こちらの『名所江戸百景』の方が『東海道五十三次』(人物東海道)よりも後の作品なので、こちらは人物東海道での好評により再現したのでしょうか笑。
ワンコロは草履の鼻緒を噛みながら海の方を見つめています。
隣にあるスイカに背を向けているワンコロもいるので、欠片を少し食べた後なのかもしれません。
手前に大きく描かれる牛車らしきものは大八車。
牛車は牛が引きますが、大八車は4.5人の人で引いていくそう。
近世、江戸で造られた大型の二輪の荷車。

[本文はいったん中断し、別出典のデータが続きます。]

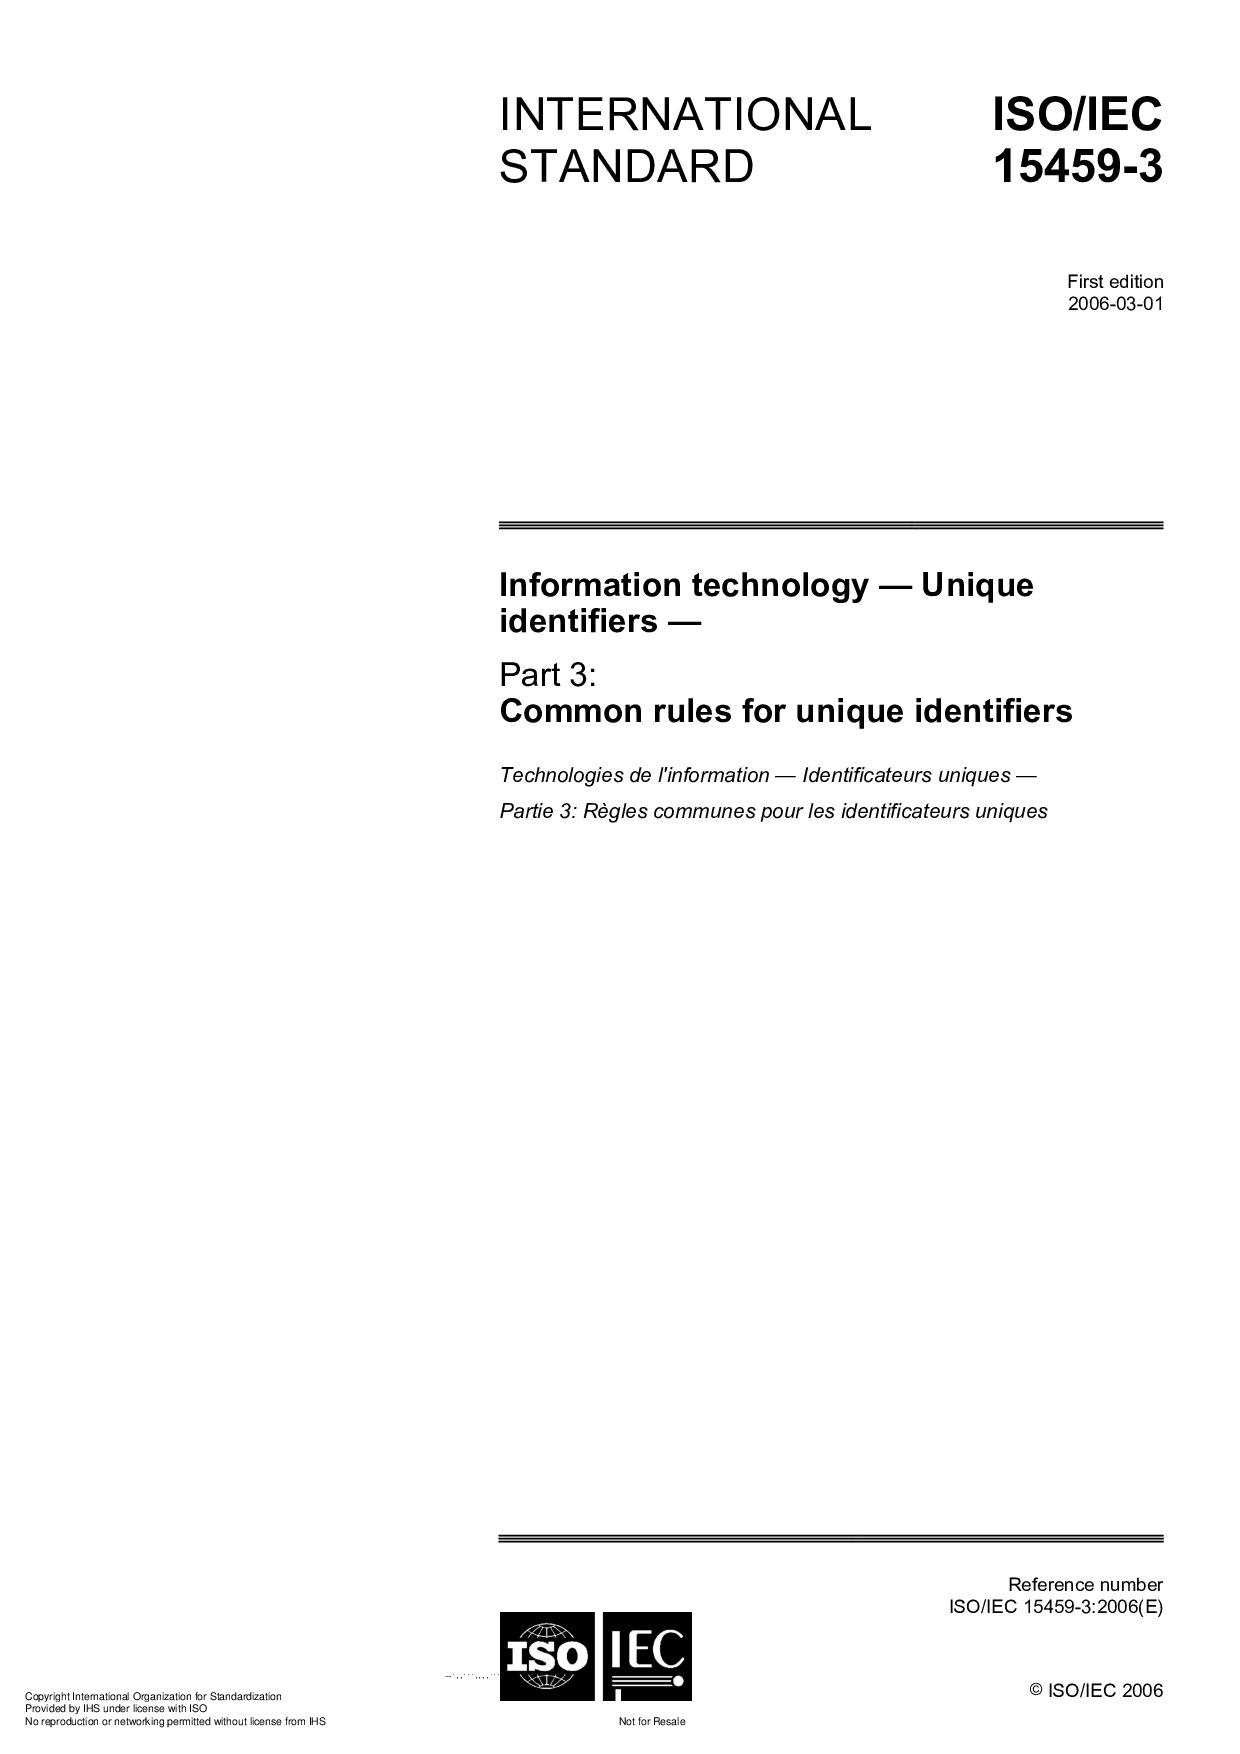 ISO/IEC 15459-3:2006

四人あるいは五人がかりで使用し、「ゑんほん〳〵〳〵」と掛け声を掛けて引いた。『本朝世事談綺・二』によれば、「寛文年中、江戸にてこれを造る。人八人の代をするといふを以て、代八と名付。今大八と書く」とし、『異説まちまち・二』では、明暦三年(一六五七)の江戸大火事ののち案出されたと、前説と同じ時期を示しながら、名の由来については、「広沢の大八録の序に、大八といふものゝ作れるとあり」とする。代八(だいはち)とも。
由来はいくつかあるみたいです。車そのものの特徴ではなく、どのように使われていたか、どのような資料に載っていたかということが由来になっていますね。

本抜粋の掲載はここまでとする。